Sliding shoe 42 sliding parts 50, towards external helical spring 38 or the side inwardly pointed on radial 16 be configured with one receive section 84, this reception section can be clear that in Fig. 2 and Fig. 4, and be at least shown in broken lines in figure 3, because blocked by external helical spring 38 in figure 3.Receive section 84 for receiving a spring ring of external helical spring 38, thus produce the synchronized links between external helical spring 38 and sliding shoe 42 on spring longitudinally 46,48.The reception section 84 preferably formed integratedly with sliding shoe 42 or sliding parts 50 is preferably only arranged on sliding parts 50 and/or is not arranged on side claw 52,54.In order to realize aforesaid synchronized links, receive section 84 and there are two wall sections 86,88 be spaced apart from each other on spring longitudinally 46,48, these wall sections project beyond sliding shoe 42 or sliding parts 50, towards the side of external helical spring 38, and extend in fact in parallel to each other, preferably extend on spring circumferencial direction 56,58 in the mode matched with the spring turn pitch of external helical spring 38.

Spring longitudinally 46,48 are configured with a receiving groove 90 between wall section 86,88, wherein receive at least in part or described spring ring can be received, as being clearly shown that especially in Fig. 2.Receiving groove 90 preferably has an Internal periphery matched with the external frame of the wire of spring forming described spring ring.Preferably so select the height of described groove depth t or wall section 86,88: make it correspond to and insert the wire of spring radius r of the cross section of the wire of spring of spring ring wherein or be particularly preferably less than described wire of spring radius r.Show particularly advantageously in this fact, groove depth t corresponds to maximum 80% of described wire of spring radius r, to realize a kind of reliable synchronized links on spring longitudinally 46,48 on the one hand, and makes external helical spring 38 not hinder compression on the other hand.In order to give wall section 86,88 for producing stability necessary for reliable synchronized links on spring longitudinally 46,48, the wall thickness of wall section 86,88 is configured in the base regions of wall section 86,88, namely in the region towards sliding parts 50 than in the top area of wall section 86,88, namely larger in the region of dorsal glide part 50.In this example, the wall thickness of wall section 86,88, from the base regions of corresponding wall section 86,88, the direction of the top area of wall section 86,88 reduces.

As illustrated before this, in the illustrated embodiment, receive section 84 to only protrude beyond sliding parts 50 and/or be no more than side claw 52,54.In addition, the spring circumferencial direction 56,58 receiving section 84 or the relatively external helical spring 38 of its wall section 86,88 have one maximum 90 ° hold angle α.At this preferably, hold maximum 75 ° of angle α, particularly preferably be maximum 60 °.Because the section external on radial 14 of the spring ring adjacent one another are of an arc spring is compared more close to each other than the situation of the section built-in on radial 16 of these spring rings, therefore can prevent wall section 86,88 from limiting the compressibility of external helical spring 38 by a kind of like this gauge holding angle α.Accordingly, this is equally applicable to before this to degree of depth t and the restriction of explanation to the wall thickness change of wall section 86,88.

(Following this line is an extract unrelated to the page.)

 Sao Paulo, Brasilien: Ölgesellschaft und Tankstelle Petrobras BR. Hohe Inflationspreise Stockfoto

As from the explanation of reception section 84 above and especially can finding out from Fig. 2 and 3, wire of spring cross section spring laterally 60 not being received in the spring ring received section 84 from inside to this carries out rear joint.Receive section 84 and also do not realize sliding shoe 42 fixing on spring laterally 60, preferably on radial 14 outwards on external helical spring 38.But it is described spring transversely 60 fixingly to be realized, as after this will being described in more detail by side claw 52,54.So select groove depth t, hold angle α and receive the wall thickness of section 84 or its wall section 86,88: be i.e. the external helical spring 38 of box lunch be fully pressed or farthest on circumferencial direction 10,12 or time compacted on spring longitudinally 46,48, receive section 84 or its wall section 86,88 and also snap onto on 10,12 not on spring longitudinally 46,48 or in a circumferential direction between the spring ring adjacent one another are of external helical spring 38.

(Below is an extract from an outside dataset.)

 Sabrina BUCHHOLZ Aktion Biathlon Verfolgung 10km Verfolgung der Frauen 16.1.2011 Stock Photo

As already mentioned above, sliding shoe 42 is laterally fixed on external helical spring 38 on 60 at that spring of the radial direction 14 corresponding to torsional balancer 2 on spring laterally 60, preferably, however described fixing but not by, preferably do not undertaken by reception area section 84 completely.But on spring laterally 60 or on radial 14 fixing by sliding shoe 42, these side claw 52,54 form fit of engaging external helical spring 38 from rear and/or power carries out ordinatedly.In order to be formed, this rear of external helical spring 38 is engaged, sliding shoe 42 that is its sliding parts 50 are together with side claw 52 and 54, relative spring circumferencial direction 56,58 have one at least 210 °, preferably at least 220 °, particularly preferably maximum 240 ° hold angle β, it is wherein corresponding that to hold angle β shown in Figure 3.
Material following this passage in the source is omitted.